Lord Wakeham: My Lords, I beg to move the Motion standing in my name on the Order Paper.

Moved, That this House takes note of the report of the Economic Affairs Committee on the Finance Bill 2006 (6th Report, HL Paper 204).—(Lord Wakeham.)

On Question, Motion agreed to.

Constitutional Reform (Prerogative Powers and Civil Service etc.) Bill [HL]

8.27 pm

Report received.

Clause 18 [Power to impose new nationality requirements]:

Lord Lester of Herne Hill moved Amendment No. 1:

The noble Lord said: My Lords, I shall also speak briefly to Amendments Nos. 2 to 4, as they all run together. These are technical and tidying-up amendments following criticisms made in Committee, especially by the Minister, of the Bill as it then stood.

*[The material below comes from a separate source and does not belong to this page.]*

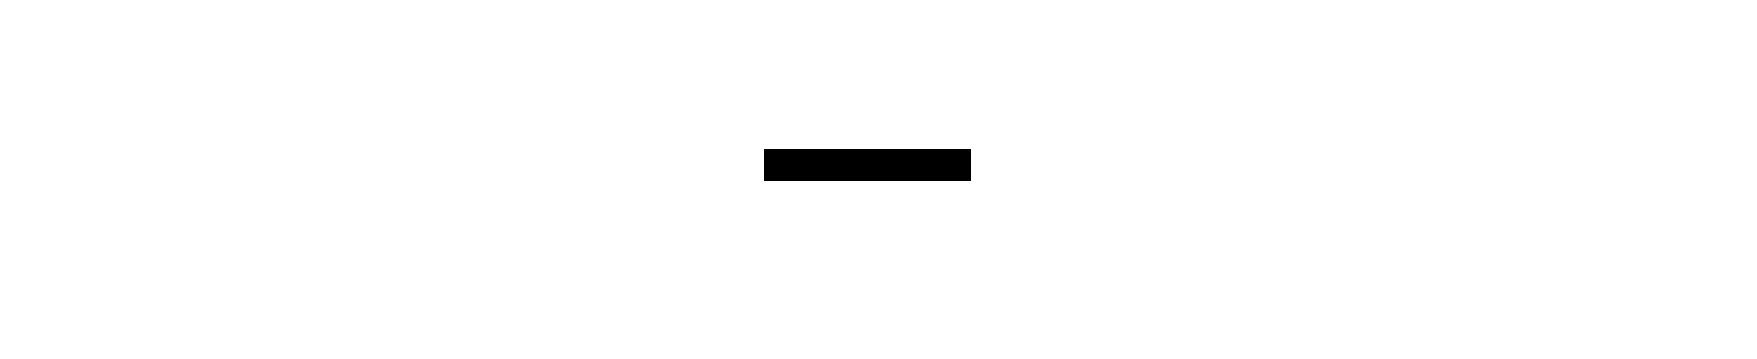 MustIllus-copie

Briefly, the amendments do three things. First, they replace the phrase “officer of the Crown” with “person or body”. That reflects the range of officials responsible for the day-to-day running of their organisations to whom Ministers may delegate power. Secondly, the amendments include a reference to the Race Relations (Northern Ireland) Order 1997, which corresponds to Section 75(5)(b) of the Race Relations Act 1976. This omission was kindly pointed out in Committee by the noble Lord, Lord Bassam of Brighton. Thirdly, they leave the power to create new rules imposing nationality requirements with the Minister or any other person or body to whom that power has been delegated—again, to meet the criticisms made on behalf of the Government by the Minister.

We acknowledge the request of the Delegated Powers and Regulatory Reform Committee for an explanation of why the Bill does not provide for new rules to be in the form of a statutory instrument. We are satisfied that the Government provided an explanation in Committee—namely, that that would not allow sufficient flexibility to impose or relax the reservation of posts in order to meet emergency situations. That approach is consistent with the Public Administration Select Committee’s draft Civil Service Bill in the other place in its first report of Session 2003-04. In short, we hope that these amendments meet the criticisms of a technical nature that have been made. I beg to move.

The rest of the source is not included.